Anyone who made you lose it?
The guy whole stole my new iPhone, three weeks ago in Vietnam – although it was very sweet of him not to take my passport and credit cards.
What's the most impressive / useful phrase you know in a foreign language?
I know 'cheers' in 16 different languages. My favourites are 'Yo' in Vietnamese and 'Bom' in Kyrgyz.
What is your worst habit as a traveller?
Peeing in the shower.
Snowbound in a tent in Antarctica, how would you entertain your companions?
When and where in your travels have you been happiest?
When I met my girlfriend (and soon to be wife) in Ubud, Bali.
What smell most says 'travel' to you?
My musty old backpack.
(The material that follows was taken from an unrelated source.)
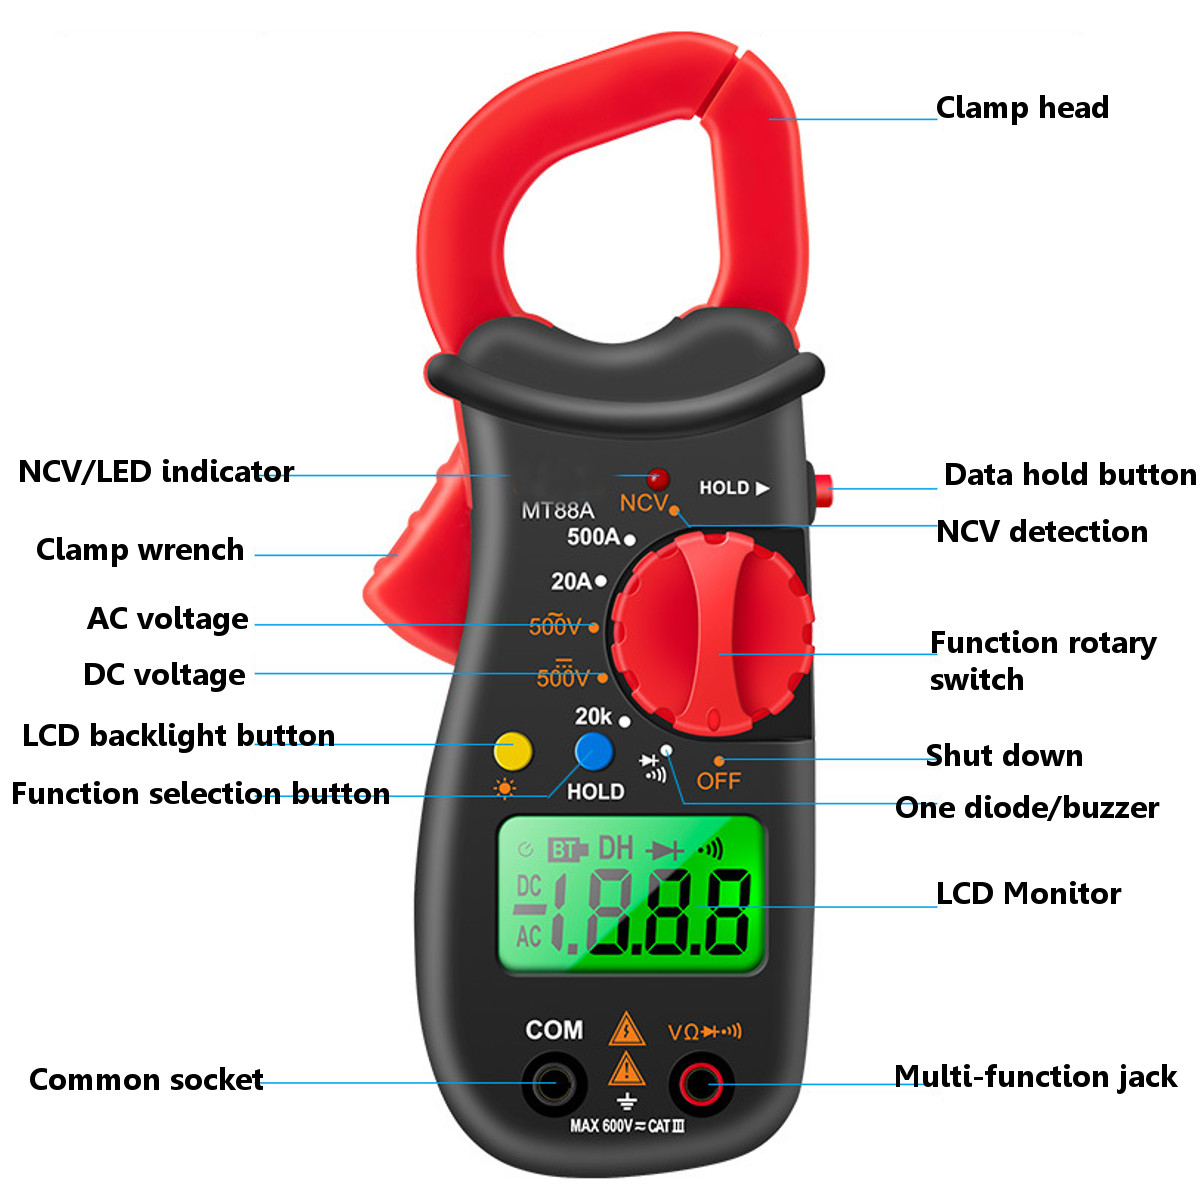 ANENG-MT88A-Digital-Clamp-Meter-Multimeter-DCAC-Voltage-AC-Current-Tester-Frequency-Capacitance-NCV--1751874-2

Every time I drag it out and smell it I know I'm off somewhere.
Given a choice, which era would you travel in?
On a Grand Tour in the early 1800s – with my own entourage of servants and a chest full of cognac and cigars.
If you could combine three cities to make your perfect metropolis, what would they be?
Rome, Rio and Melbourne – A bit of culture and great food, great parties and bikinis and all my friends and family.
Brian Thacker was born in England, but he didn't like the weather so he immigrated to Melbourne, Australia when he was six. Brian's books include Rule No. 5: No Sex on the Bus, Planes, Trains and Elephants, The Naked Man Festival, I'm Not Eating Any of That Foreign Muck, Where's Wallis?, and Sleeping Around. His latest book is entitled Tell Them to Get Lost - Travels with the Lonely Planet guidebook that started it all.